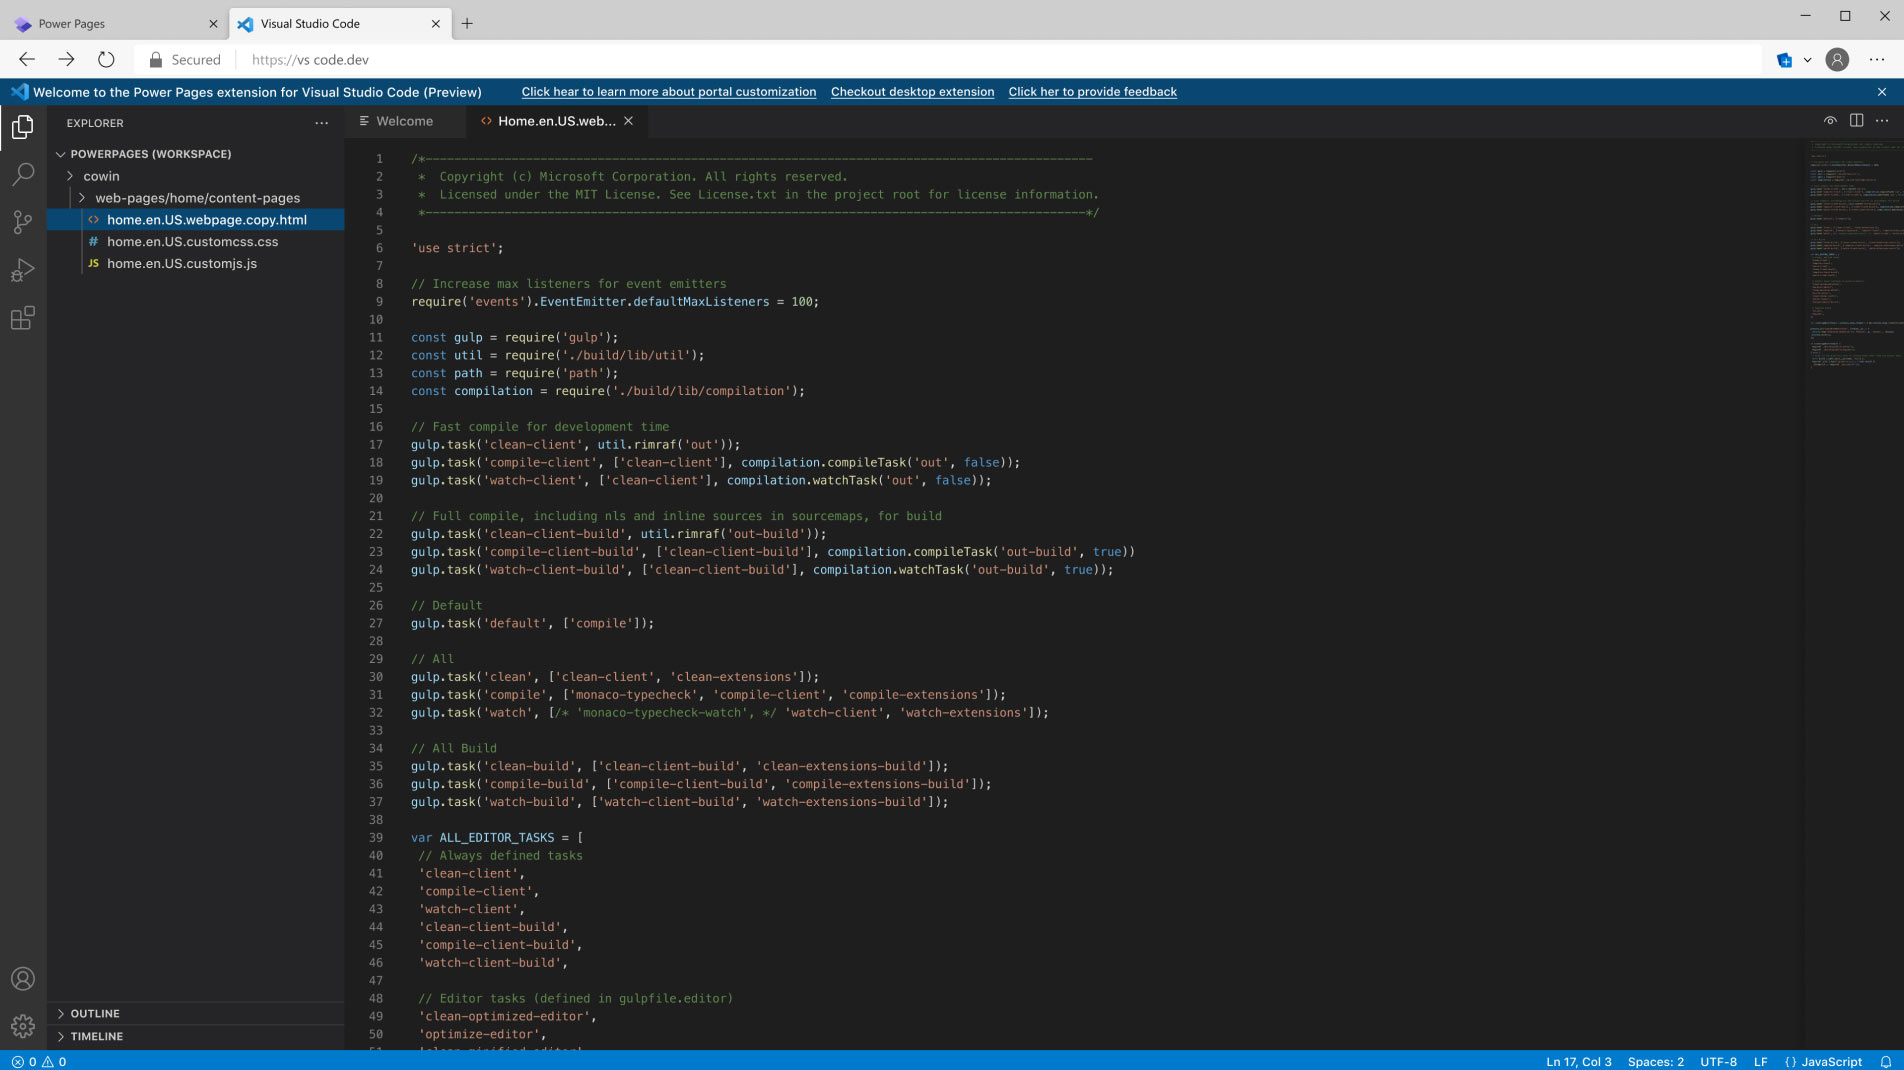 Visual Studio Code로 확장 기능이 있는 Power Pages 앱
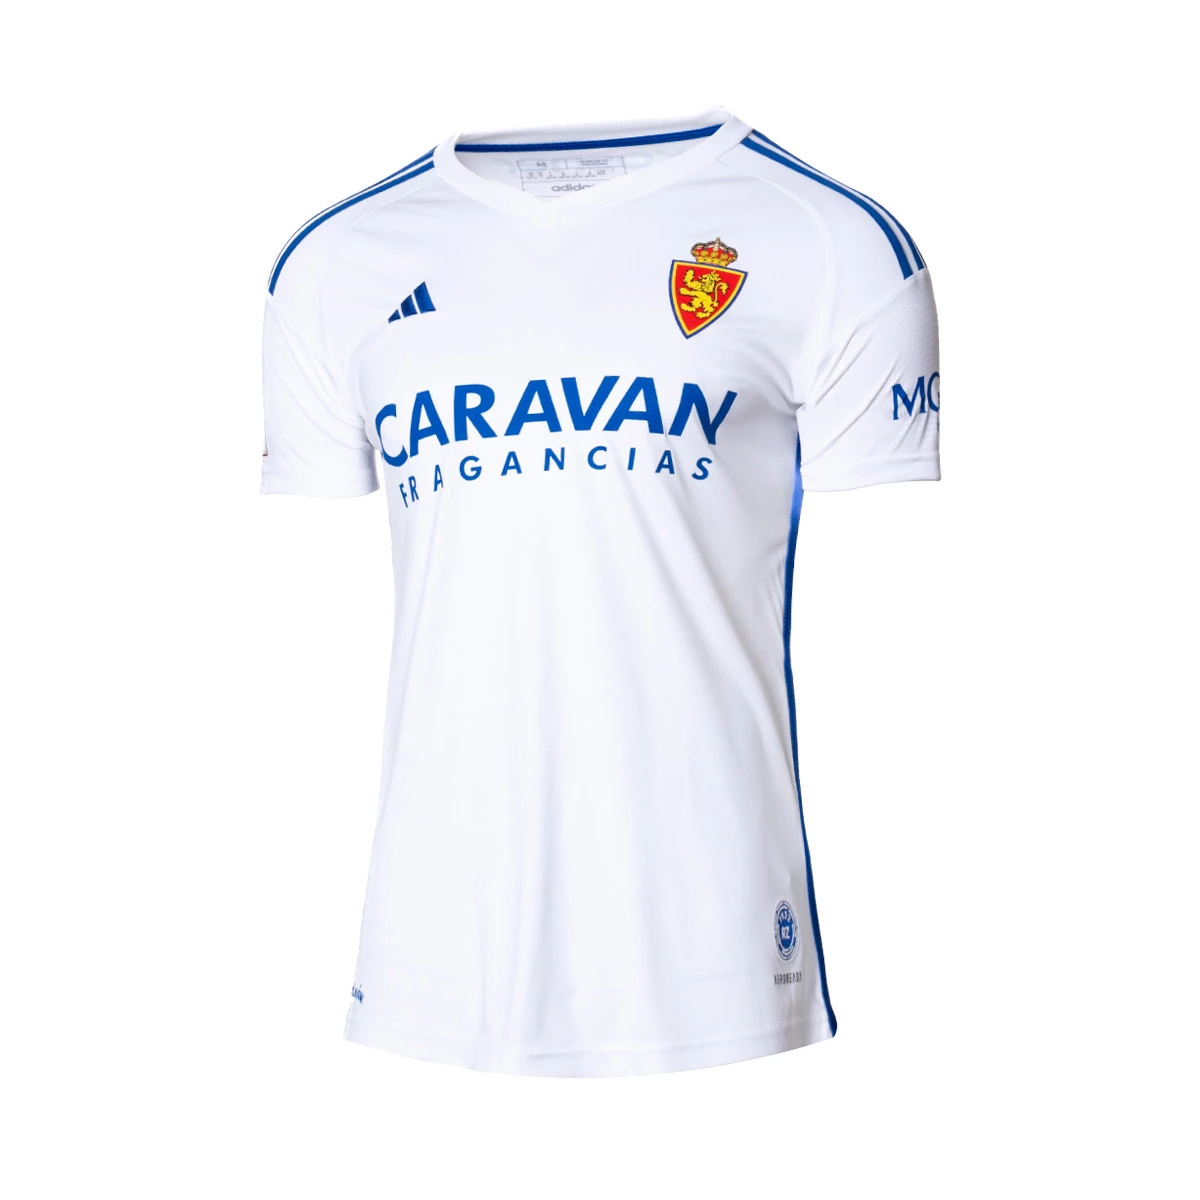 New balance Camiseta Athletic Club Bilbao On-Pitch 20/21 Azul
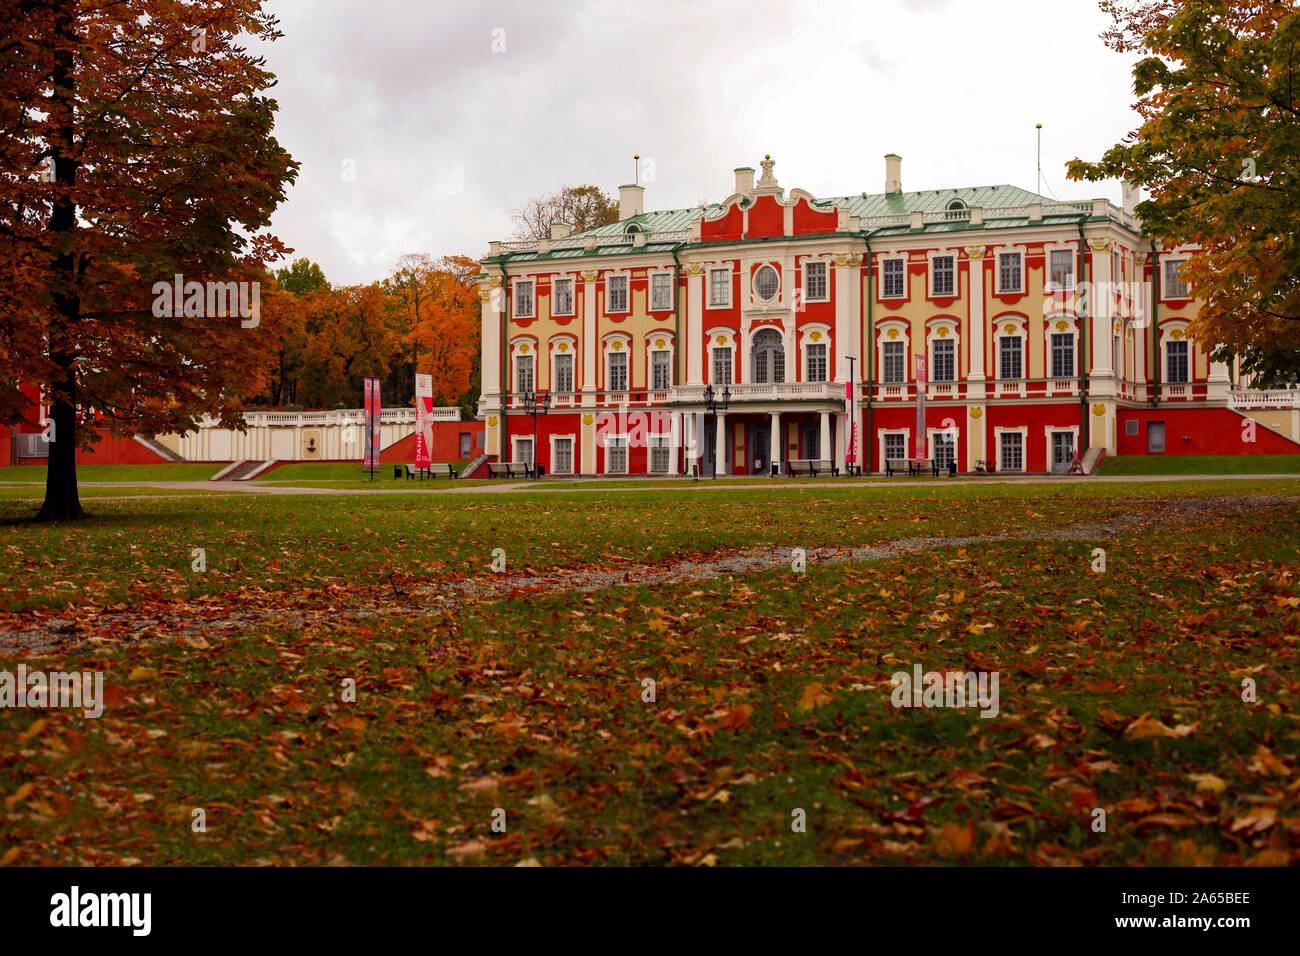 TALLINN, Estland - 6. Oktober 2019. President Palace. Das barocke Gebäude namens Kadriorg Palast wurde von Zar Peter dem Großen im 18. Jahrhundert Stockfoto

+ + + +

**BRIEF**: Everything in the listing above must be retyped exactly, except for the pictures.

**SOLUTION FOR THIS TASK**:
 Visual Studio Code로 확장 기능이 있는 Power Pages 앱
 New balance Camiseta Athletic Club Bilbao On-Pitch 20/21 Azul
 TALLINN, Estland - 6. Oktober 2019. President Palace. Das barocke Gebäude namens Kadriorg Palast wurde von Zar Peter dem Großen im 18. Jahrhundert Stockfoto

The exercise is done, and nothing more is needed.